On the 21st of March 2020, the WHO laboratory testing strategy recommendations highlighted that testing strategies will vary depending on the context of infection status and the testing capacity available in the country in question. The WHO stated that equal access to diagnostic tools is fundamental for limiting the spread of SARS-CoV-2 and adequate testing would contribute to easing of lockdown restrictions and allow societies to reopen3. Several factors can limit testing capacity, including the global availability of kits and reagents4, the turnaround time for test results, and other logistical requirements such as laboratory space and skilled personnel5.
Current diagnosis guidelines for COVID-19
The WHO recommends that the preferred type of testing for routine confirmation of suspected cases of COVID-19, surveillance testing, contact tracing and environmental monitoring should be based on detection of unique viral RNA sequences by nucleic acid amplification techniques (NAAT), such as RT-PCR6,7. The WHO recommends that all suspected cases should be tested in countries that have a limited number of cases, sporadic cases or cluster cases. The objective of this strategy is to rapidly diagnose a high proportion of new cases, and thereby limit the spread of disease via suppressive measures. Nevertheless, in countries with widespread community transmission, testing capacity is often overwhelmed and resources are prioritised for those at greater risk6. For example, during the early stages of the pandemic in the United Kingdom, testing was primarily reserved for those who were admitted to hospital8.
The laboratory processing of NAAT is complex and the turnaround time for results is approximately 24 hours. Delays and resource dependency can place a strain on testing throughput and capacity. The fine interplay between variables such as the purpose of the testing strategy and capacity should be the main focal points when shaping testing policies and contact tracing programmes in order to re-open economies.

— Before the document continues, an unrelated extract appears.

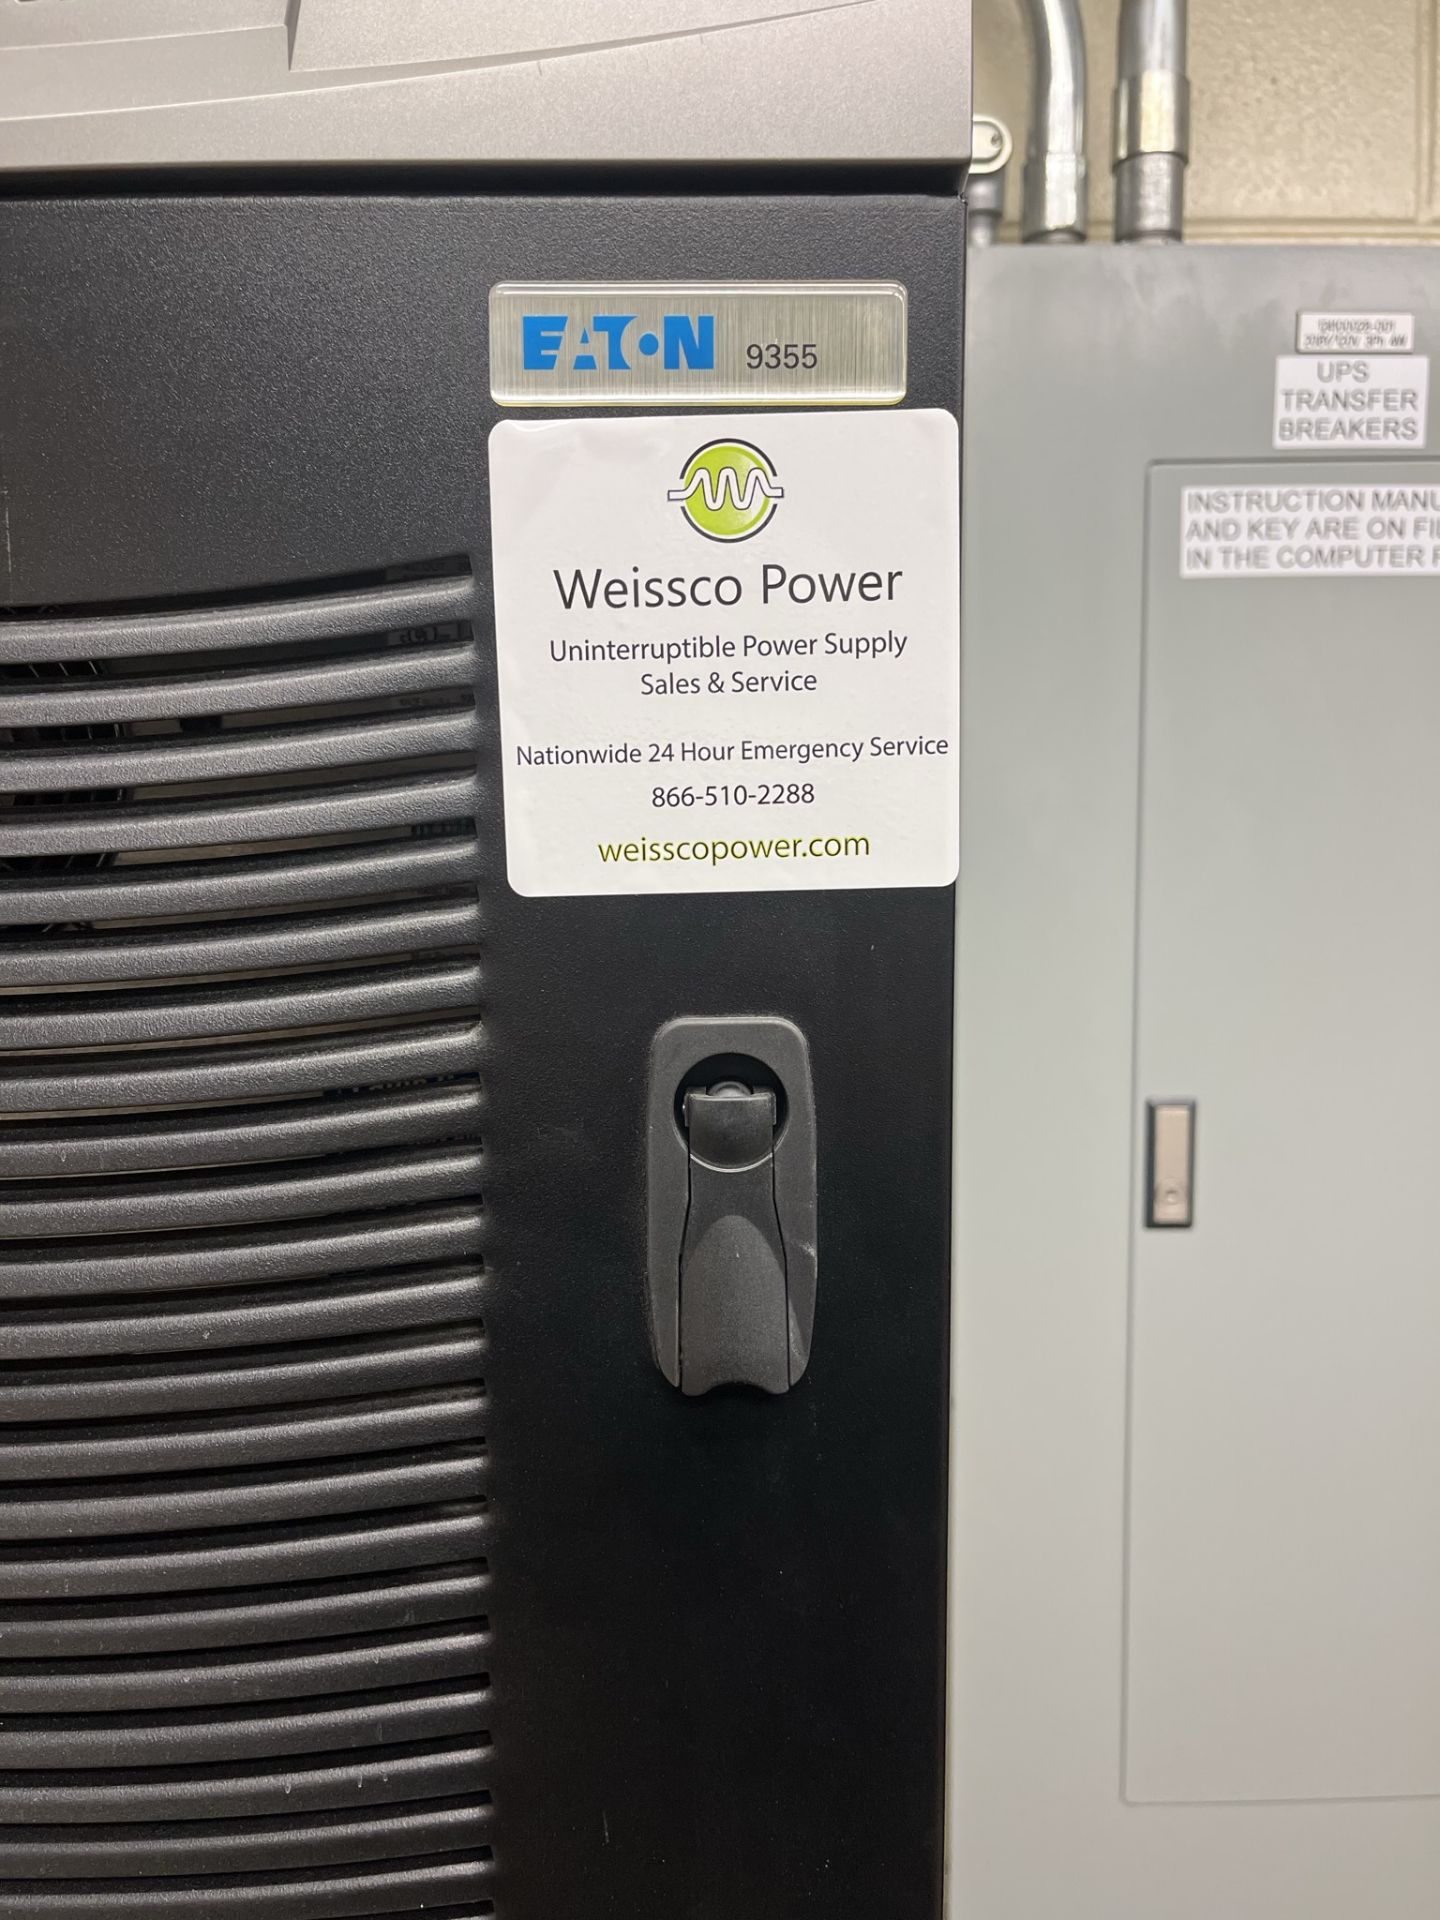 EATON 9355 THREE PHASE DOUBLE-CONVERSION TOWER ONLINE UPS PROVIDES A COMPLETE POWER PROTECTION - Image 4 of 8
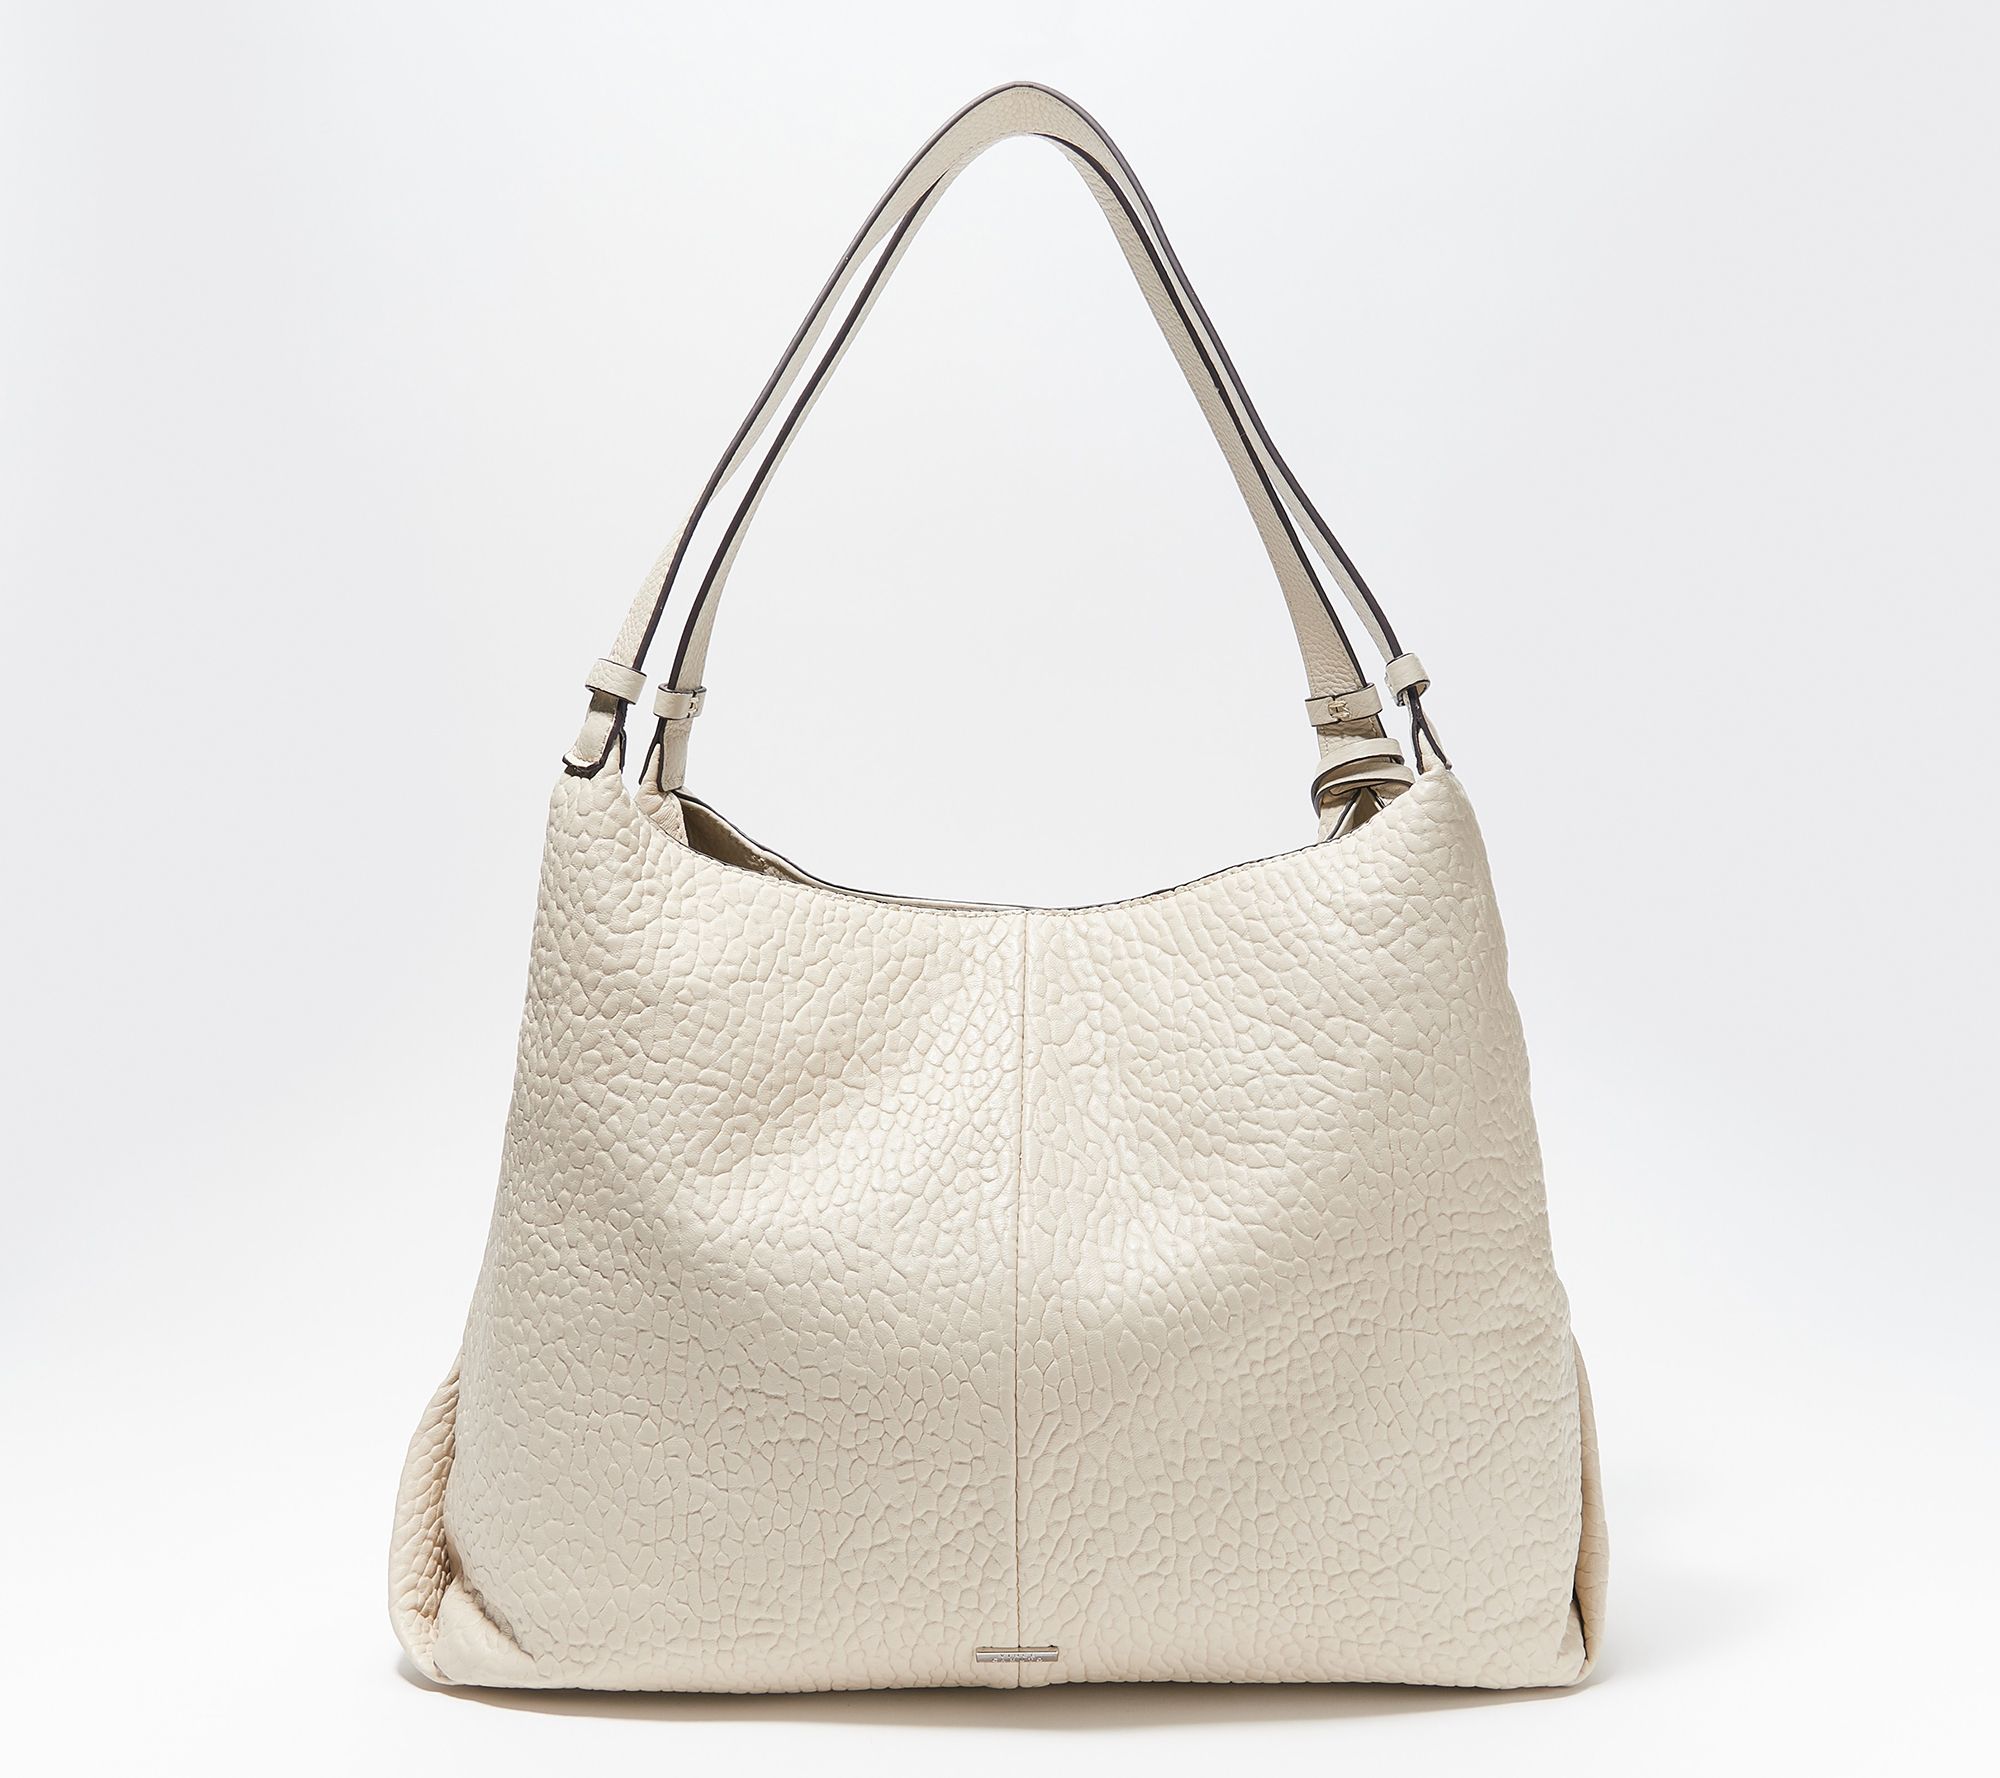 Vince Camuto Convertible Leather Tote - Tania

Alternative molecular tests for the detection of SARS-CoV-2
Molecular tests or commercially available kits are continually being developed in order to increase testing capacity and speed up processing. Alternatives to RT-PCR, such as loop-mediated isothermal amplification (LAMP) or RNA-targeting clustered regularly interspaced short palindromic repeats (CRISPR) have been adapted for rapid and portable detection of nucleic acids. Additionally, some manufacturers have automated some of the processes related to nucleic acid extraction or sample treatment, or even developed automated point-of-care testing (POCT) systems: these are often cartridge-based provide test results via a much simpler process and in a shorter time than laboratory-based RT-PCR.
These variations in procedures and methods reflect the wide range of SARS-CoV-2 tests that have proliferated since the beginning of the COVID-19 pandemic. Each variation will have its own advantages and may be utilised depending on the purpose of testing and the context in which it is carried out. For example, skipping the extraction process could increase the capacity of a testing programme due to shorter turnaround times and the avoidance of extra costs associated with extraction kits. Furthermore, POCT systems can alleviate the need for specialised laboratory personnel. It is therefore important to evaluate the impact of different tests and methods to facilitate informed decisions when planning a public health testing strategy. To our knowledge, no research has previously been carried out to systematically evaluate and compare the diagnostic performance of different NAAT methods and protocols.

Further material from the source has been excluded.